Task prompt
When you reach the line containing "Quick Low Carb Desserts", please repeat it and every line after it exactly, through the end of the listing below, skipping pictures.

Exercise data
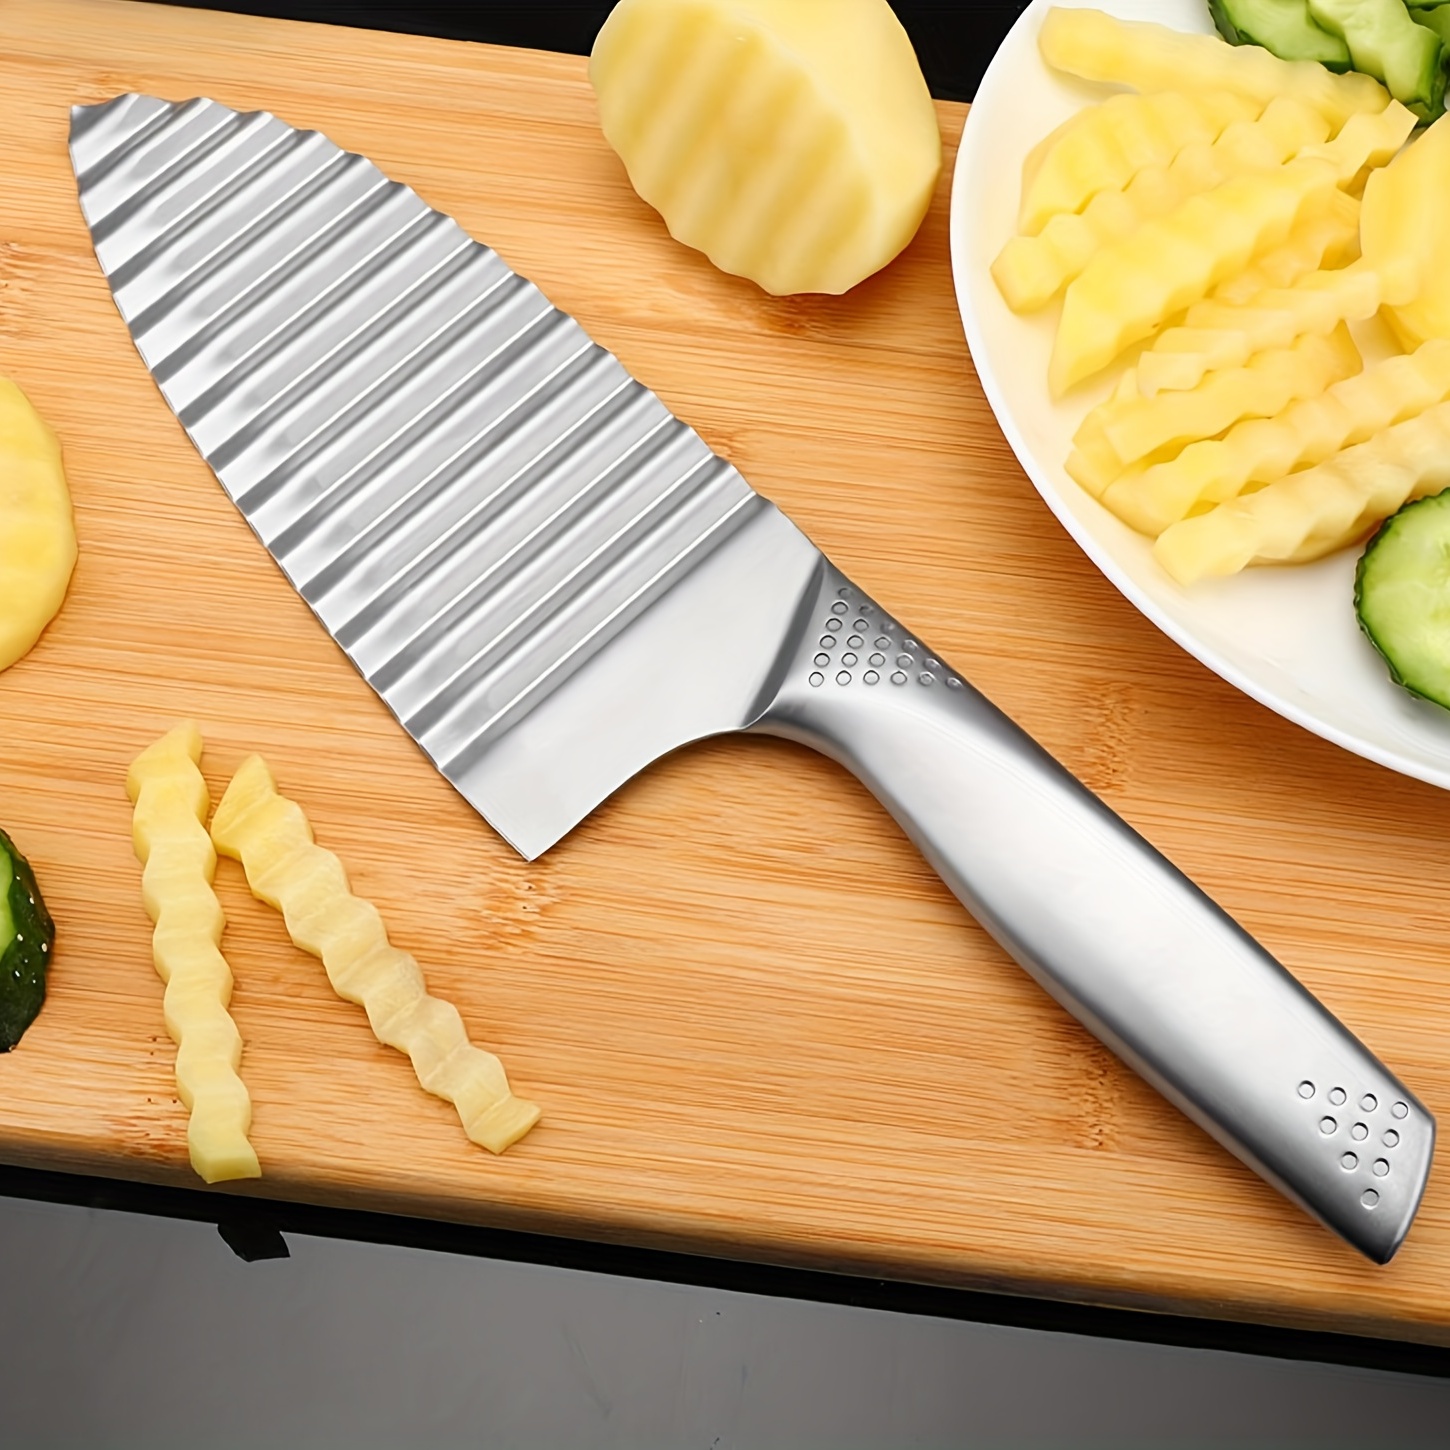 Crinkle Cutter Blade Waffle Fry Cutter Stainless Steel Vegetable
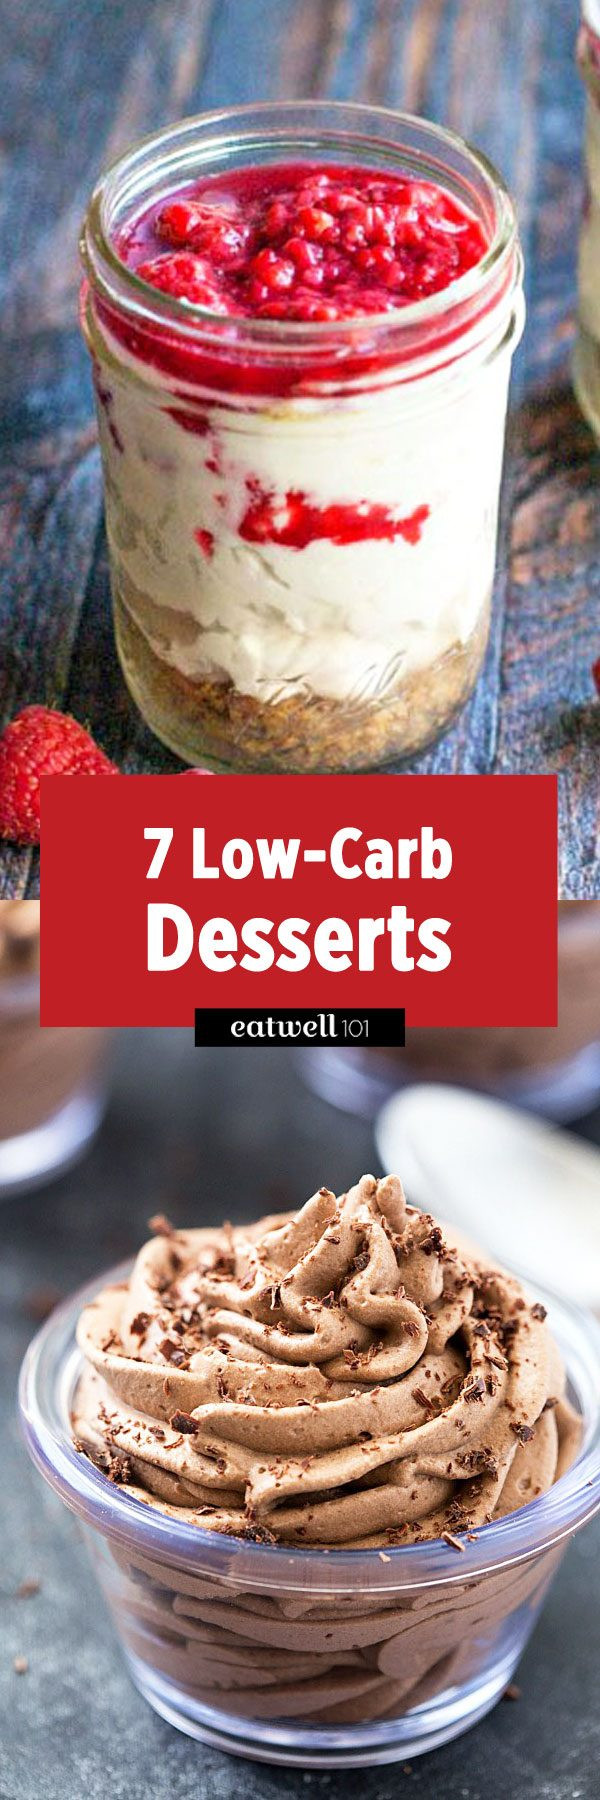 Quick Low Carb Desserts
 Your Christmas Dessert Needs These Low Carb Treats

Task answer
 Quick Low Carb Desserts
 Your Christmas Dessert Needs These Low Carb Treats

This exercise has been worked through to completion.